The girls turned to go back along the trail they must follow in order to get past the rapids. This turn brought Sylvia and Rose in the rear, and directly behind them was the youth with the canoe.

"Oh!" exclaimed Rose, as she thought of her dripping garments and dishevelled hair. It was the very thing they had sought to avoid.

"He can't see us with the canoe over his head," declared Sylvia. "If we change now he'll laugh! Go on!"

And go on they did.

The other canoe was found safely floating in the deep eddy where it had been moored, and a little later the one that had overturned, now righted and comparatively dry, was put in the stream at a point past the rapids.

"Now I'll carry the other one there for you, and you won't have much trouble paddling back," the young man said. And in spite of the rather half-hearted protests of the girls, this he did.

By this time the warm sun and the wind had done much toward drying the garments of Sylvia and Rose. And they had managed to put up their hair in some sort of fashion that, though they did not realize it, was wonderfully becoming.

"Now I think you'll be all right," the young man said, when the four girls, in the two boats, were ready to paddle back.

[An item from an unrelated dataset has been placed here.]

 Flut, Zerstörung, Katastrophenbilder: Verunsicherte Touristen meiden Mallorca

"Yes, indeed. And thank you _so_ much!" said Sylvia, warmly. Her thanks were echoed in a chorus by the others.

Again with that graceful, half-military salute toward his bared head, the bronzed youth watched them paddle away. And it was not until they were around the bend of the stream that Alice exclaimed:

"Oh, we never asked his name!"

"Nor told ours!" added Hazel.

"Why should we?" demanded Sylvia.

"Oh, I don't know," was Hazel's slow retort.

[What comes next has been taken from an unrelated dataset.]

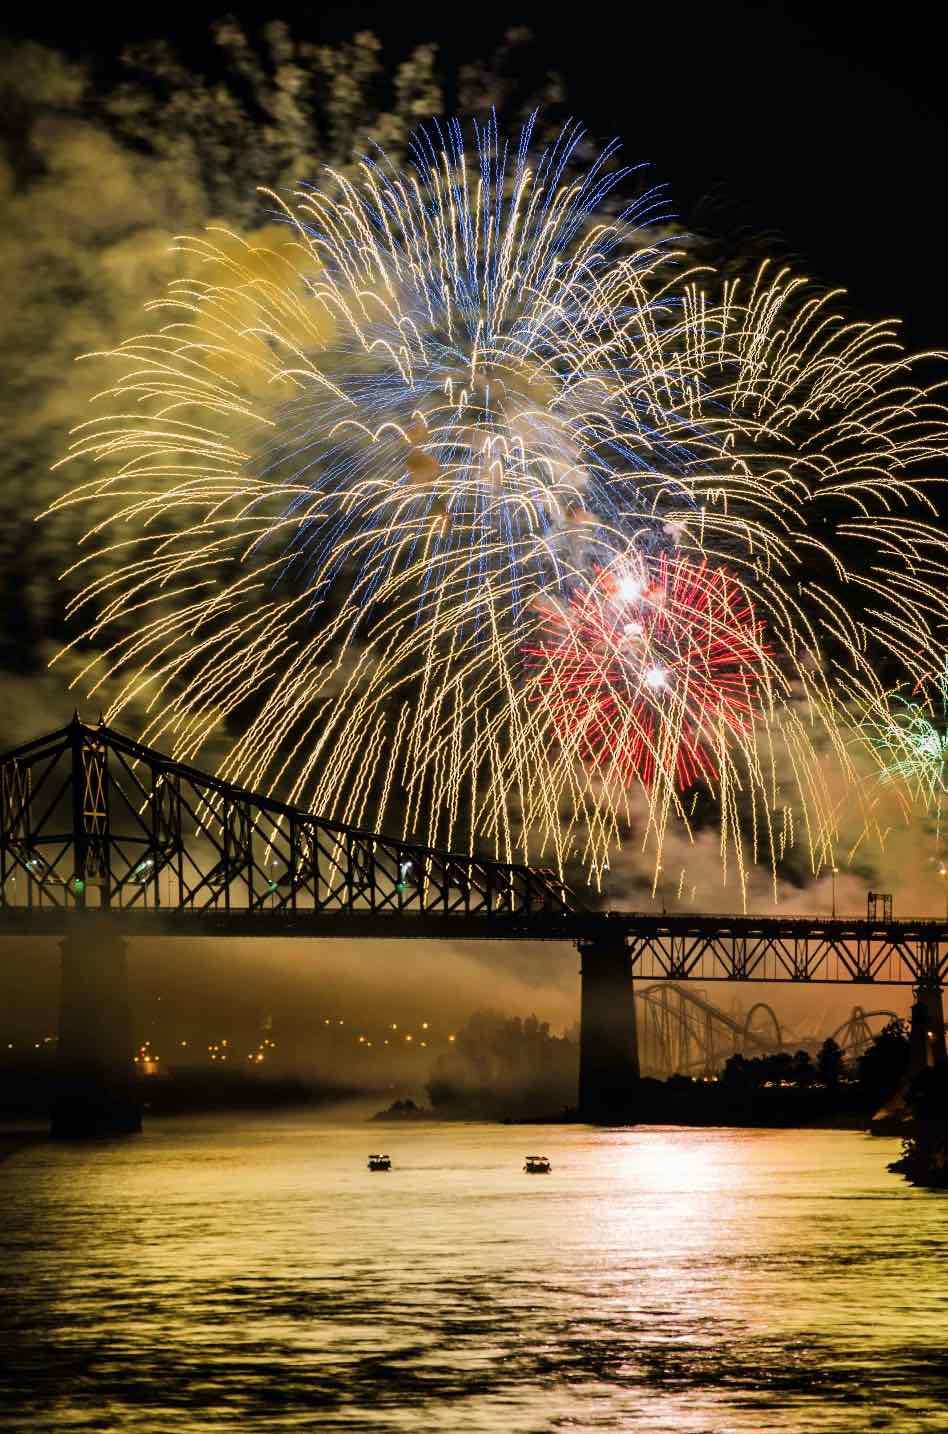 https://bli.ca/wp-content/uploads/2021/03/Fireworks-Montreal.jpg

They paddled slowly back to camp, where Mrs. Brownley was not a little exercised over the upset.

"It was nothing!" Sylvia said. "We get used to such things nowadays."

This was really the only little accident that marred the camping outing, and that did not so much mar it as it marked it. Two or three days afterward the girls went canoeing, and successfully passed the rapids. But they saw nothing of the young man. Indeed, though the eyes of all four roved through the woods and along the wilderness trails, not one would admit that she was looking for anything or any one in particular.

Then came the day when they went back to the Antlers. They had spent a glorious week in the woods.

As the campers reached the porch, to be made welcome by their hotel friends, they saw a group gathered about the bulletin board.

"I wonder what that means?" asked Rose.

"Let's look," suggested Sylvia.

They found it was an announcement of a masquerade dance to be given two nights hence.

"Oh, we simply must go to that!" cried Hazel.

"Surely!" agreed Alice.

"But what about costumes?" asked Rose.

"We'll make our own. Masks will be easy to get, I fancy," Sylvia said. "We'll make inquiries."

They found that masks of various sorts were easily obtainable, and some costumes also, though most of the ladies were going to make their own, out of simple materials.

Preparations for the masque fête went merrily on, and none took more interest in it than our Nowadays Girls.

"The usual penny," said Rose, suddenly, one day, as the four sat in Sylvia's room, sewing. Rose looked at Hazel as she thus challenged her.

"Penny? For what?"

"Your thoughts, of course. You're in a brown study and the shade doesn't at all match your dress."

"Oh, I was thinking----" Hazel stopped suddenly.

"She was thinking of the young man of the woods," declared Sylvia, with a laugh.